The results and the risk scoring system of our study need to be interpreted and applied with caution owing to the following limitations. Firstly and most importantly, although the samples for various biomarker assays were archived in a prospective cohort, multiple use of statistical algorithms raises concerns about false-positive results or overfitting [42, 43]. The most desirable setting to avoid these concerns would be a prospective trial that focuses on a specific (group of) biomarker(s) [42]. However, exploration of predictive biomarkers for sorafenib response in a new trial is not logistically feasible, except for large-scale comparative studies with newer agents [44]. Thus, we chose a retrospective analysis as an alternative approach using prospectively collected samples. Secondly, a split-sample method for the validation of the results could not be applied in our cohort owing to the limited number of study subjects [45]. Instead, we performed internal validation using 3-fold cross-validation.

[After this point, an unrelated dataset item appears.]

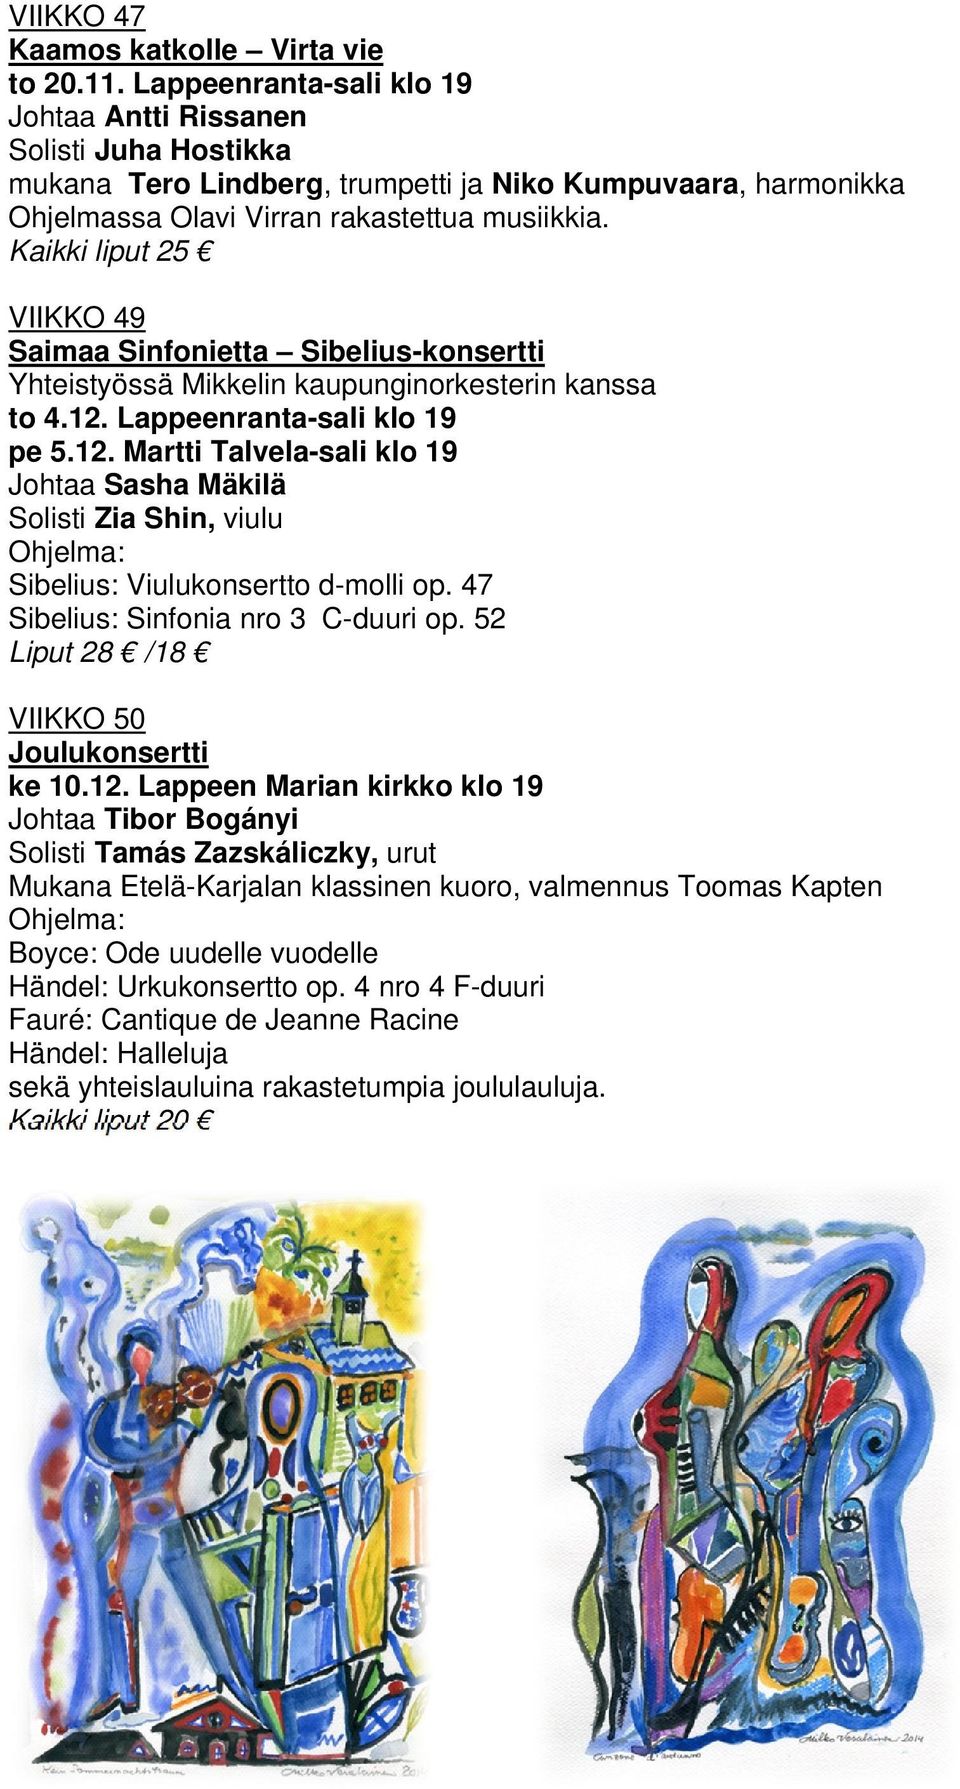 Kaikki liput 25 VIIKKO 49 Saimaa Sinfonietta Sibelius-konsertti Yhteistyössä Mikkelin kaupunginorkesterin kanssa to 4.12.

An external validation with consistent results is a prerequisite for the application of this scoring system in other patient populations with a larger sample size [42]. Finally, differences in the baseline clinical characteristics of the study subjects also hinder the imprudent generalization of our results in patient populations with a different etiology or tumor status.

Conclusions

In conclusion, we developed a biomarker-based prediction model of sorafenib response and survival from a prospective cohort. By using baseline serum bFGF and HGF levels as covariates, a total score of < 6 could be a relevant cutoff value for selecting patients who are most likely to benefit from sorafenib therapy. Furthermore, the cutoff value may also be used as guide to avoid unnecessary toxicity and inconvenience in patients with a score above this cutoff.